Vuelve a observar la belleza de Lizbeth. Su elegante atuendo oscuro se ajusta afinadamente con su tez albina y sus rizos dorados. Fausto no deja de moverse incómodo sobre sus posaderas. Lleva demasiado tiempo en la misma posición; sin embargo, en ningún momento hace ademán alguno de bajarse para estirar sus articulaciones.

Unos minutos más tarde hacen llegar el momento esperado. Con suma tranquilidad pone el vehículo en marcha y comienza a acercarse, palmo a palmo, hasta detenerse junto a su próxima víctima. Baja despacio la ventanilla del auto e intenta llamar su atención.

—Disculpa, ¿sabes cómo llegar a la calle Liniers? —pregunta Fausto poniendo en práctica una de sus tantas estrategias de cacería. Sus pupilas se dilatan y una precoz erección se hace presente al sentir su cercanía

—Lo lamento, no conozco muy bien esta zona, tal vez podría... —los labios de la joven se mueven, pero Fausto solo se limita a observarla embelesado.

—Señor, ¿me ha escuchado? —pregunta la dama al notarlo distraído— ¿Se encuentra usted bien?

—Sí, claro, todo está en orden —sonríe con falsedad— ¿Puedo acercarte a algún lugar, linda?

—No, gracias, prefiero caminar, es mucho más saludable —responde la muchacha en tono seco y su ceño fruncido.

—¿Segura? Está muy fresco y oscuro para que andes sola por la calle a estas horas.
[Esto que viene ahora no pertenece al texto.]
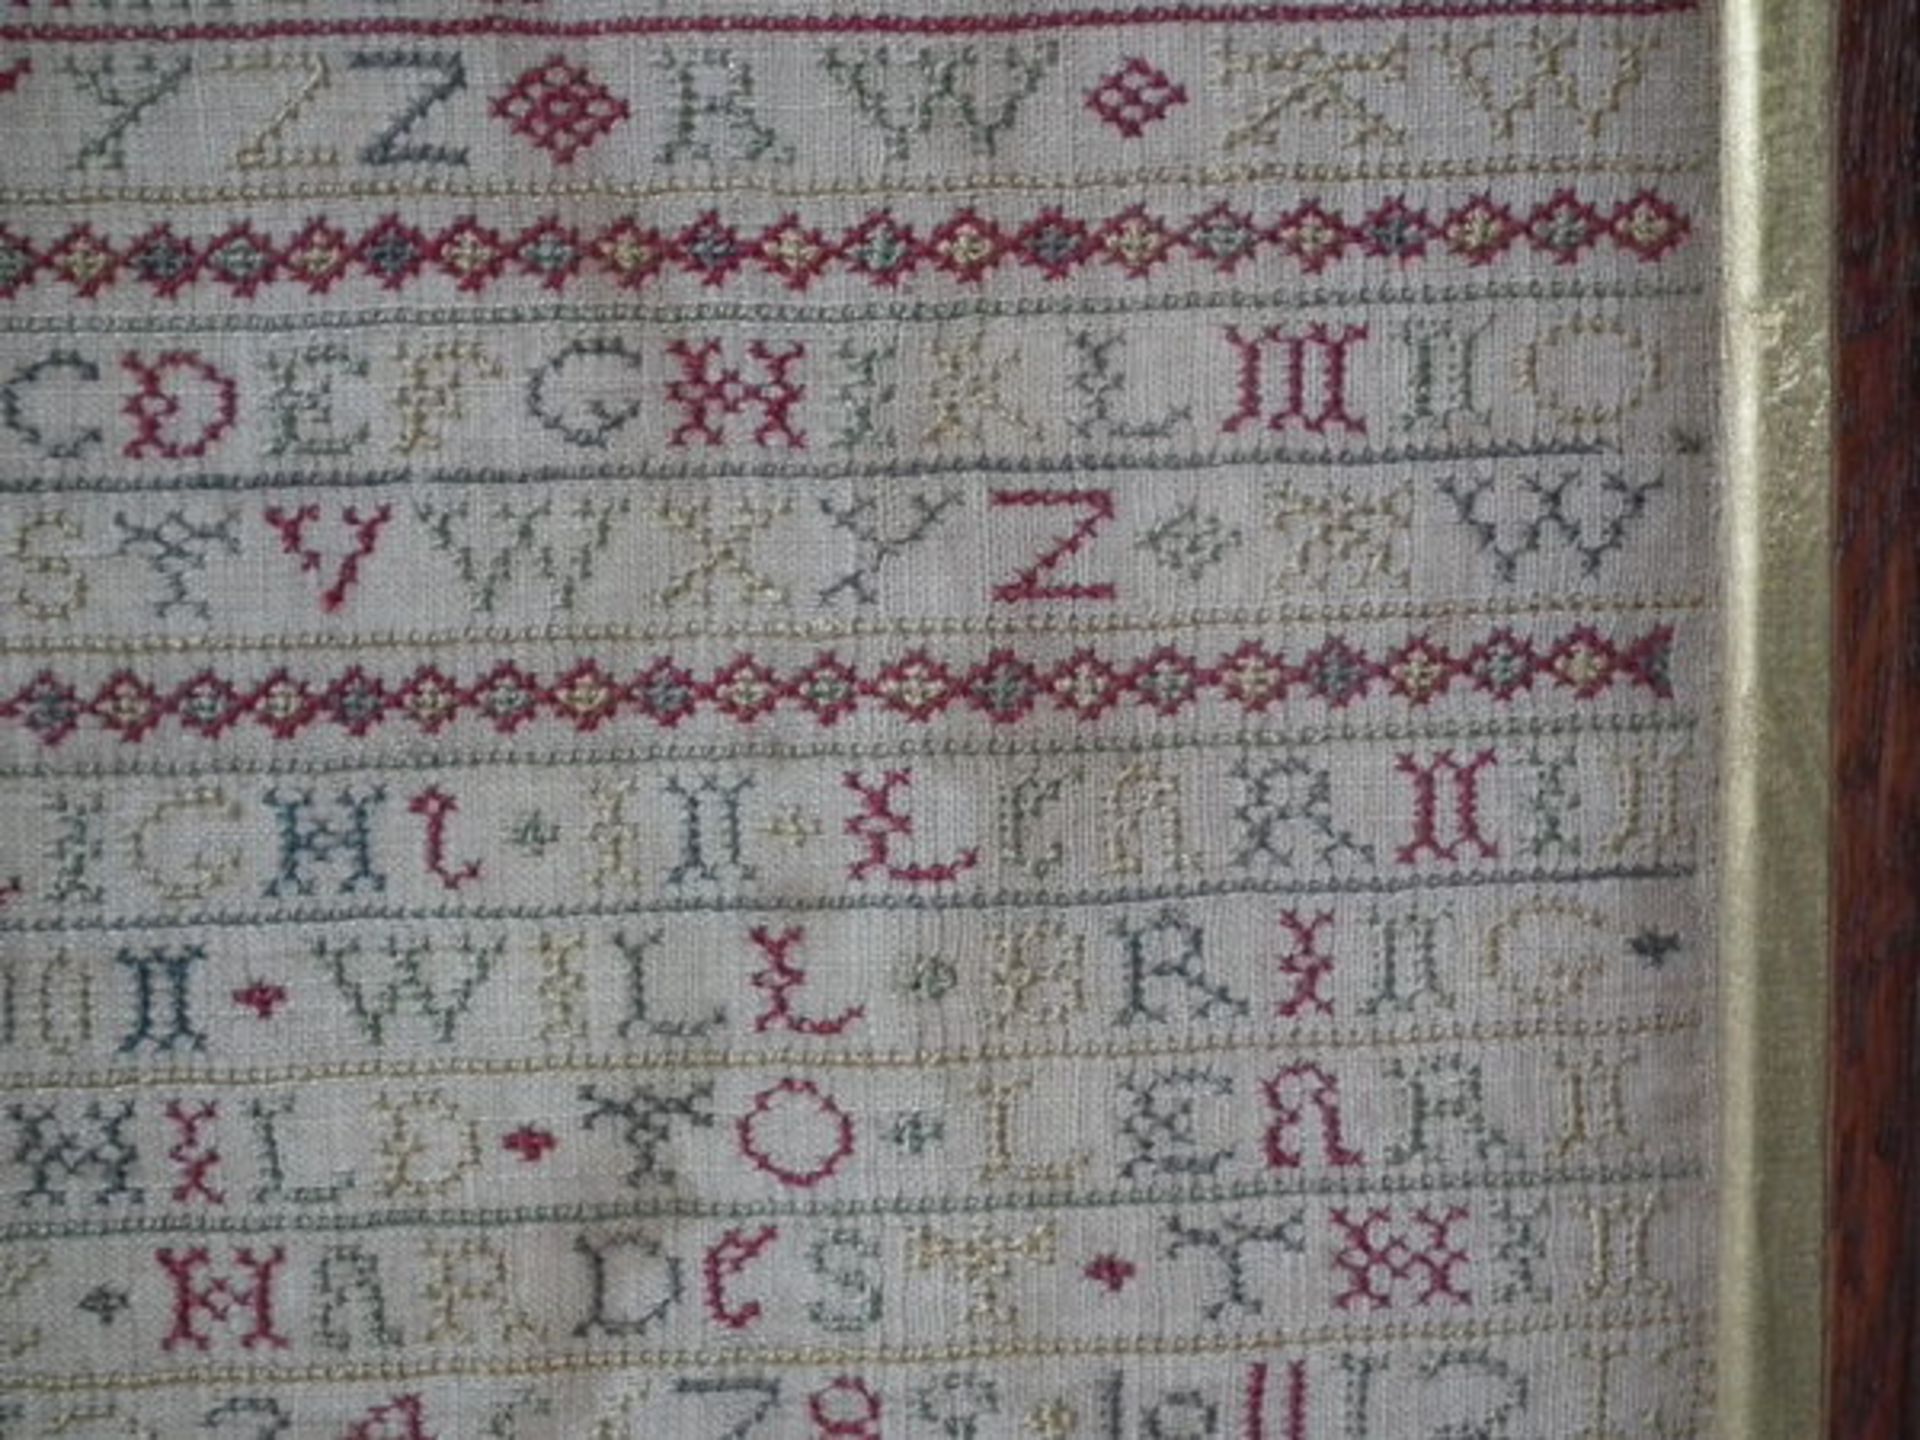 Needlework Band Sampler dated 1724 by Ann Wooding - FREE UK DELIVERY - Image 10 of 20

—Sí, no se preocupe, le agradezco, pero prefiero seguir a pie —Sin nada más que agregar, Lizbeth reanuda su trayecto, dejándolo con un desbordante nivel de euforia.

Ya instalada en su hogar, Lizbeth deja las bolsas que trae consigo sobre la mesa y se dirige a la alcoba. Se quita la vestimenta y procede a retirar una muda más cómoda del ropero, con la que cubre su cuerpo. De allí se destina a la cocina para acomodar las compras, y en ese ínterin observa parpadear la luz del teléfono de línea. Presiona el botón rojo para poder escuchar los mensajes del contestador. De fondo, escucha la voz de una de sus clientas solicitando sus cuadros, no le da mucha importancia. Al terminar de acomodar la despensa, se dirige hacia el refrigerador y toma un objeto del interior. Regresa a su cuarto, enciende el televisor, y cuando está a punto de abollarse en la cama para disfrutar de un delicioso pote de yogur frutal, el bullicioso sonido del timbre interrumpe su tranquilidad.

—No lo puedo creer, ¿ahora qué? —murmura, dejando a un lado el alimento. Fastidiada, se dirige a la entrada, con la intención de despachar rápido a quien sea que fuera el causante de perturbar su relajación.

Al abrir la puerta de ingreso, Fausto se abalanza sobre ella, cubriendo su rostro bajo una hedionda pañoleta. La joven procura gritar, pero él, aún más vigoroso, presiona su boca y parte de las fosas nasales, dejándole un mínimo espacio para inspirar alguna bocanada de aire.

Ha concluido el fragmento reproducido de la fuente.